I feel like he is quite bonded to her but she may not feel the same or am I missing something that has to do with the onset of the breeding season?
 
Well, here’s a start: in the wild, male and female emus form breeding-pairs plus-minus late summer. Then they seem to have a sort of ‘honeymoon,’ during which they travel about together.

[This is absurdly simplistic.]



Then, around plus-minus mid-autumn, they will find a nice patch of bush/pasture, and begin trying to establish dominance. If the pair is powerful enough, they will establish a fairly sound ‘command’ of their territory by early winter.



The next stage, towards mid-winter, is that you may observe matings. The female can lay fertile eggs for a week or more after a mating. Then one day (if you are observing here in the wild) the male will disappear – he has a nest full of eggs somewhere in the bush, and he is incubating.



Note about Space: the following we’ve discussed many times:



the dynamics of emu life -- access to water, access to pastures, access to extra yummy food sources, gaining command of a territory to breed on – involves plenty of emus to choose from, and running away if the bird you’ve encountered is more powerful.

Pet/captive emu owners sort of don’t see this aspect. They think in terms of one or two or three or four emus, and put them in a paddock, and voila, baby emus! But I am fairly sure that it is not automatic that a male and a female kept together will mate – I look forward to your observations.
Mid-winter here is well below freezing every night, sometimes in the negative *F. How does the male keep the eggs from getting ruined in the cold?

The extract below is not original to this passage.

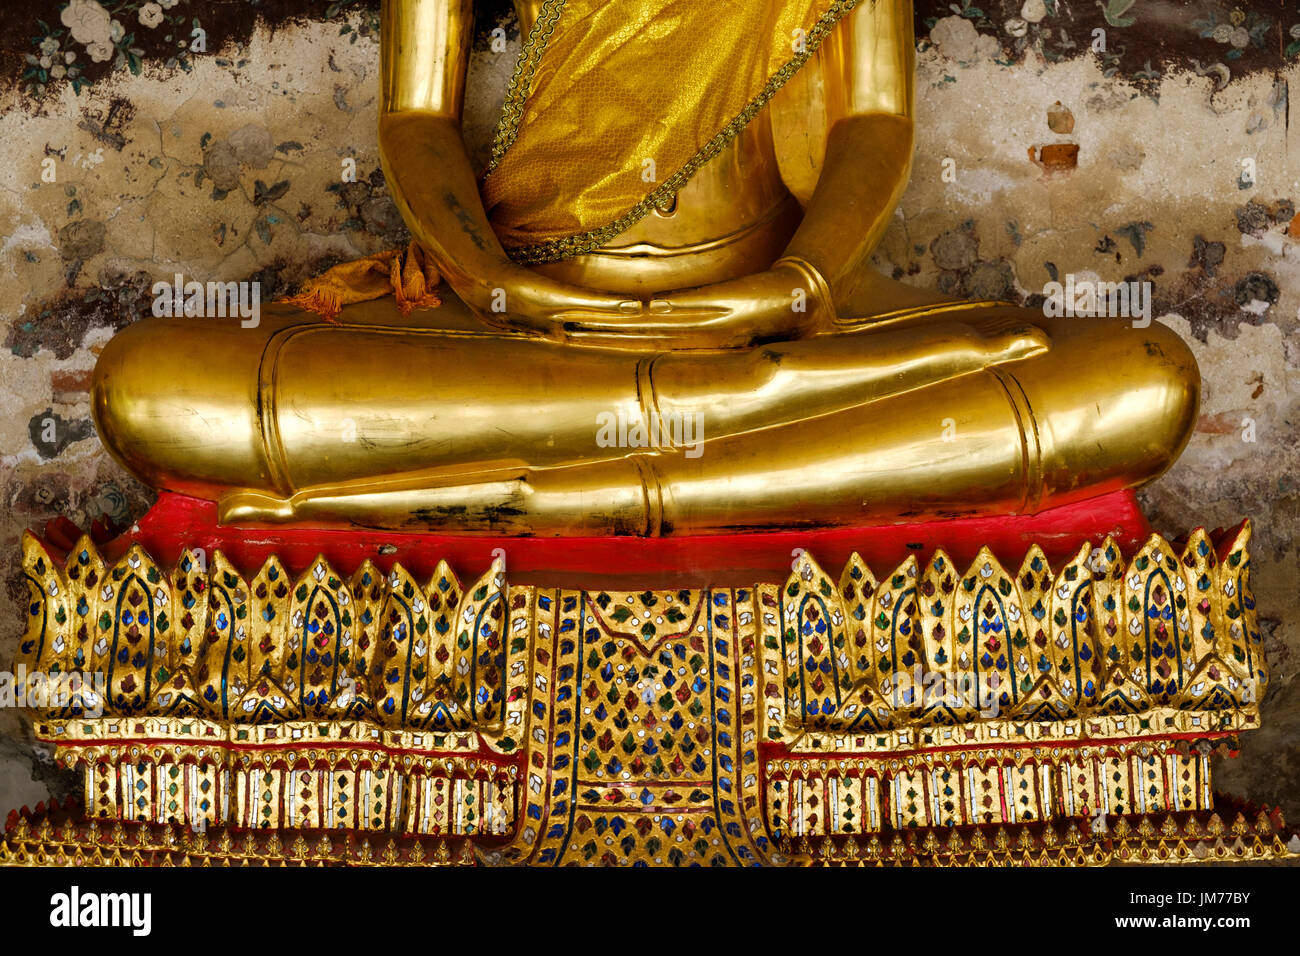 Detalle de las manos, las piernas y el pedestal de la estatua de Buda de oro en lotus pose, Wat Suthat Thepwararam, Bangkok, Tailandia. Foto de stock

I am not really interested in producing a lot of chicks, maybe enough to offset the feed bill. What I am interested in is watching and interacting with these fascinating birds.

And of feed: I read you only supplement a little wheat as you are totally wild and free range but is there a recommended protein level we should shoot for? So far I have been feeding about a half gallon of equal parts pheasant pellets, scratch grains, and dog food. Today I learned they much prefer the lamb feed.
 
Got coffee. Will try to break down This Big Subject into bite-sized chunks -- certainly I am enthusiastic to help and understand. So:

'How does the male keep the eggs from getting ruined in the cold?'

To begin, the range of temperatures across the habitat of emus varies enormously, but your question is valid, and we've discussed it in the past.

My best (brief) swing at this is that there is a period of some days between the egg being laid, and it becoming non-viable. There's some miracle here whereby the female lays eggs over some number of days, and the male stashes them.

Now comes the annoying part about interacting with me/Planet Rothschildi: we have a lot of data on some things; a little on other things; none on some things; wild guesses about everything; and regular changes of our conclusions.